Sea Studios Foundation is a 501(c)3 non-profit organization, headquartered in Monterey, California. Sea Studios was founded by Mark Shelley, a senior series producer for National Geographic. It is a team of filmmakers, scientists and public opinion leaders dedicated to raising public awareness and creating action on issues involving the planet’s health and sustainable development worldwide.

In 2001, in collaboration with the National Geographic Society, Sea Studios produced The Shape of Life, an eight-hour special that focuses on the evolution of the animal kingdom and animal biodiversity. It combines a science-based content with pioneering techniques in underwater and deep-sea filmmaking. The Shape of Life earned several major film festival honors, including "Best Scientific Content" and "Finalist" at the 2003 International Wildlife Film Festival; the 2003 CINE Golden Eagle Award, for Episode 2 and Episode 6; "Semi-finalist" at the 2003 Animal Behavior Society Film Festival; "Best of Monterey" at the 2003 Access Monterey Peninsula Edgar Kennedy Awards.

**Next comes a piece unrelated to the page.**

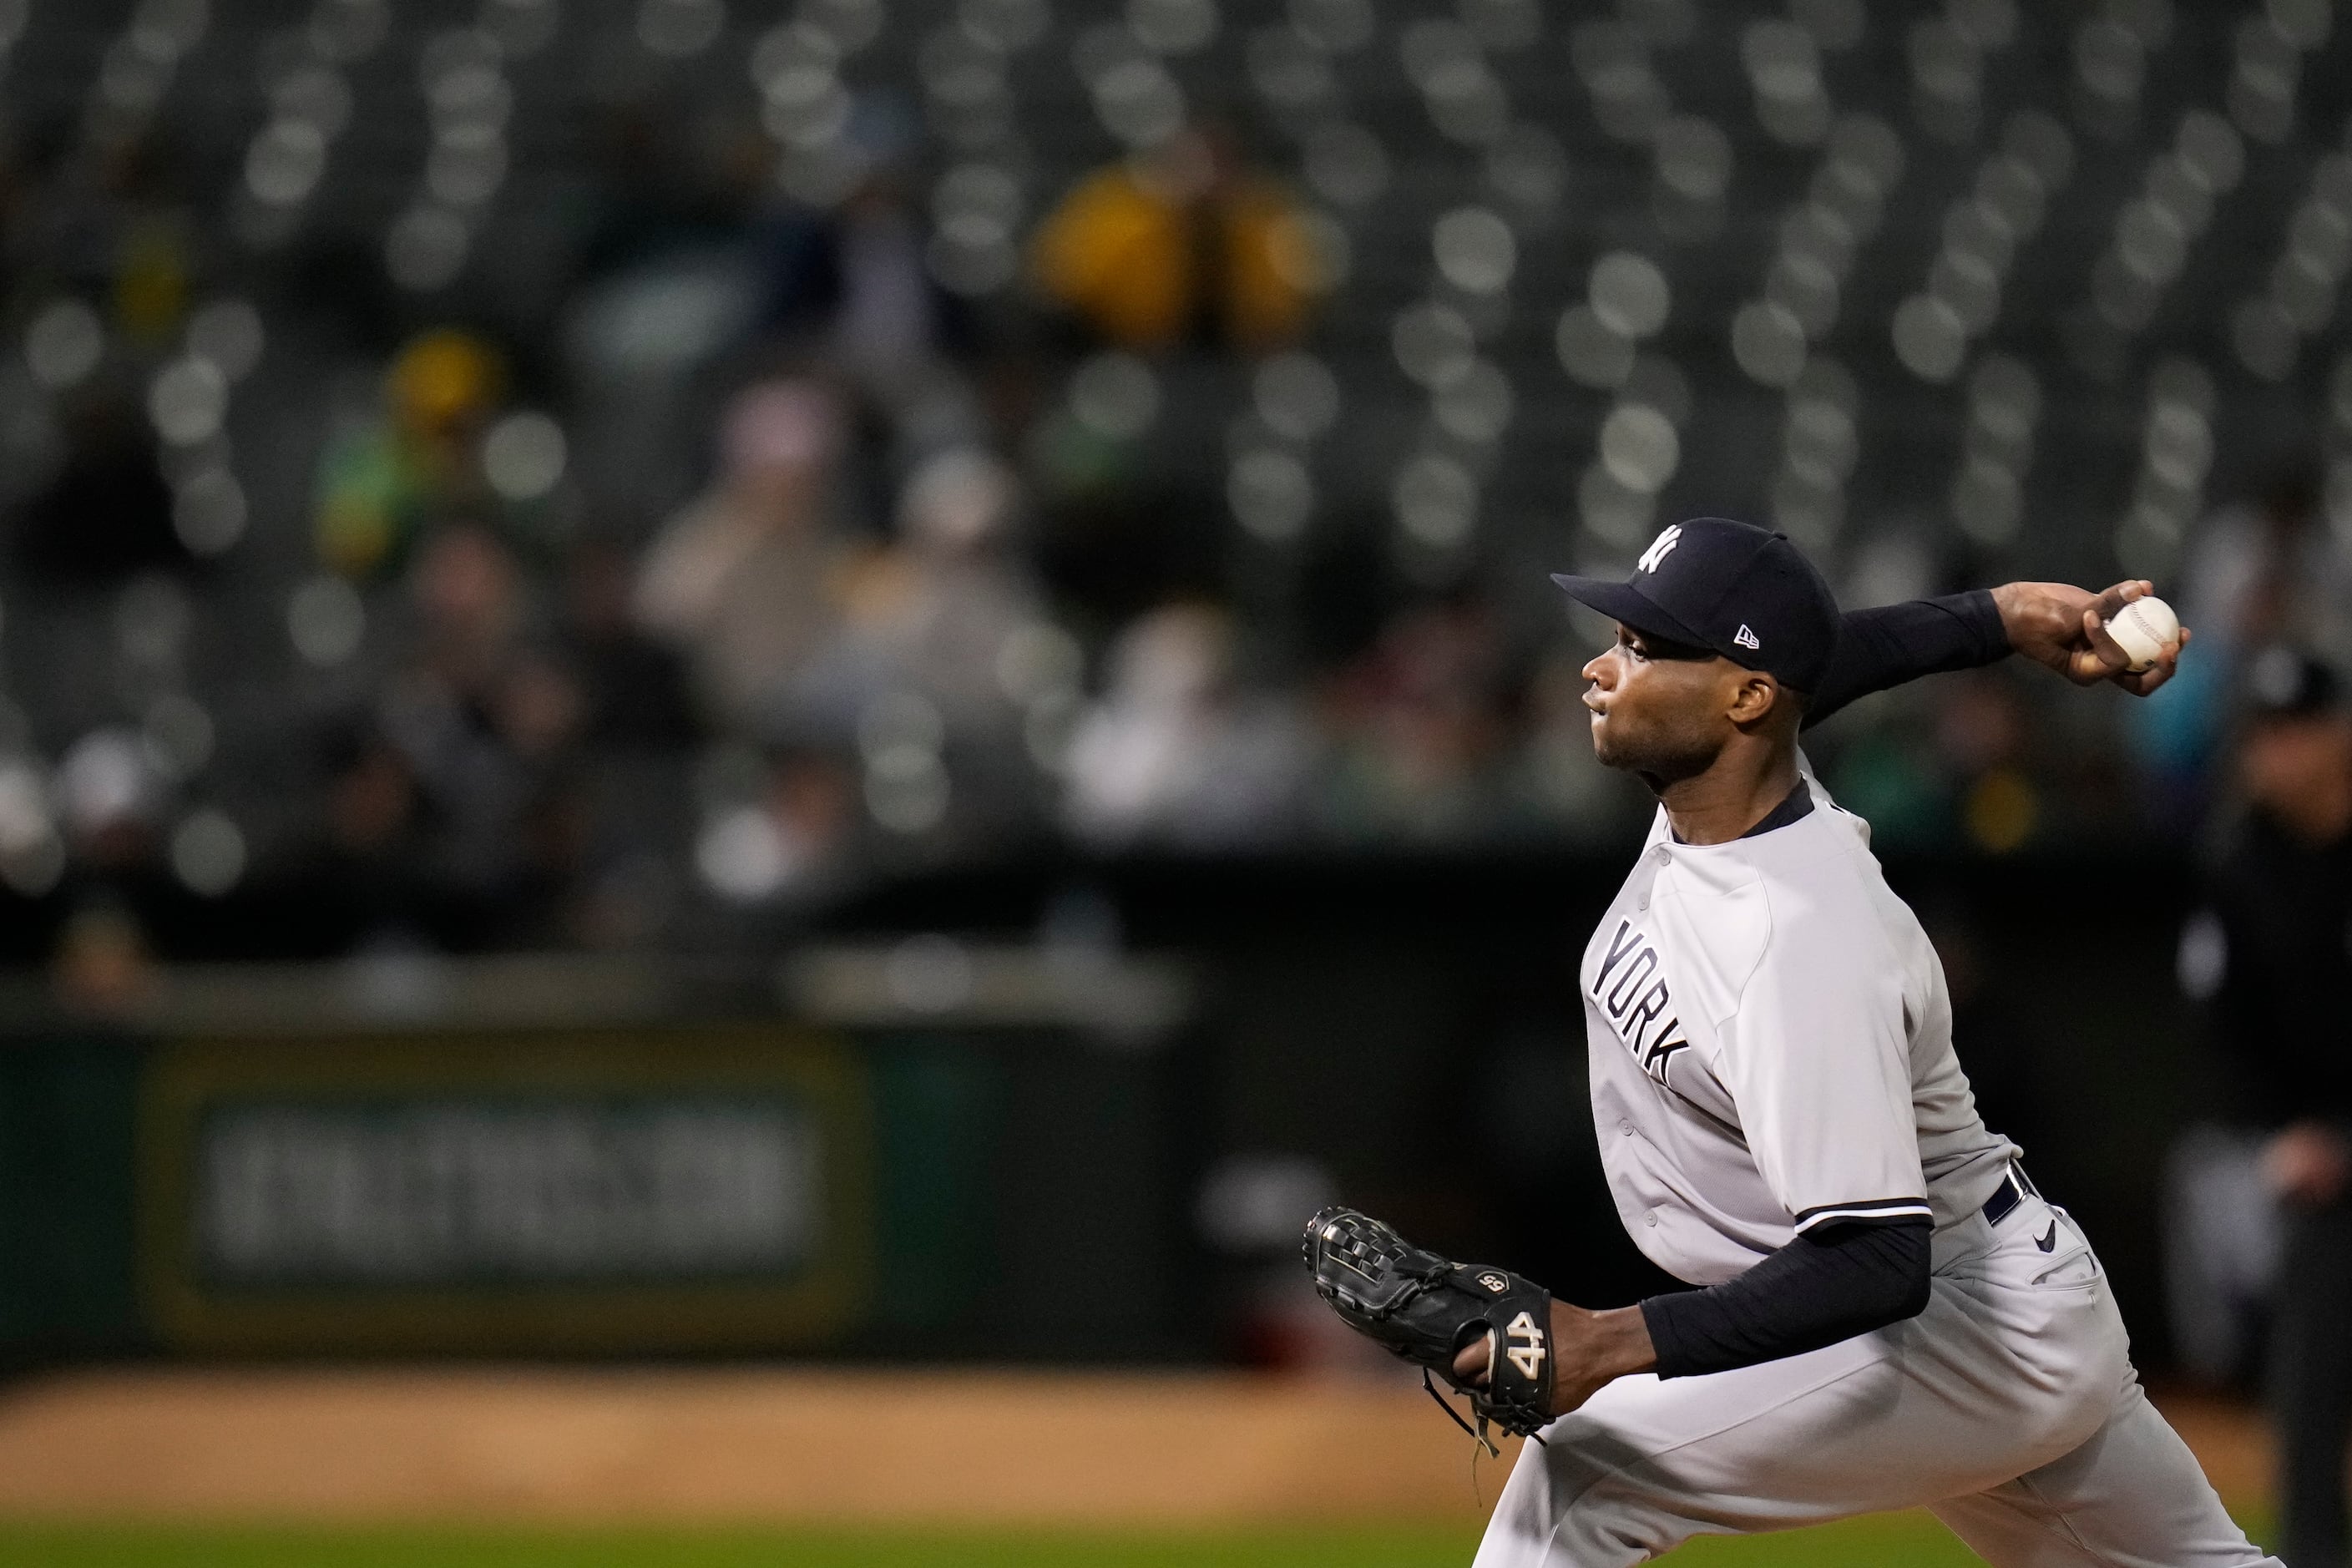 Yankees pitcher Domingo Germán throws perfect game vs. Oakland

Sea Studios' Strange Days on Planet Earth initiative has ongoing partnership with the National Geographic Society. It began as a four-part television series in 2005, hosted by Edward Norton. The series earned 14 major film festival honors, including Best Series at 2005 International Wildlife Film Festival, the environmental equivalent of the OSCARS, "Best" in Field Research and Scientific Exploration at The 2005 Explorers Club Documentary Film Festival, the Greenpeace Environmental Award at the 2005 Linden Wildlife Film Festival, the prestigious Panda Award at the 2004 Wildscreen Film Festival, "Best People and Animals" award at the 2004 Jackson Hole Wildlife Film Festival and many more.

In 2008, Sea Studios Foundation launched a massive 360 campaign, named "Think Beyond Plastics", to raise awareness of the implications of overuse of plastic. The campaign is run by Daniella Russo and was awarded Best 360 campaign at 2009 Jackson Hole Film Festival.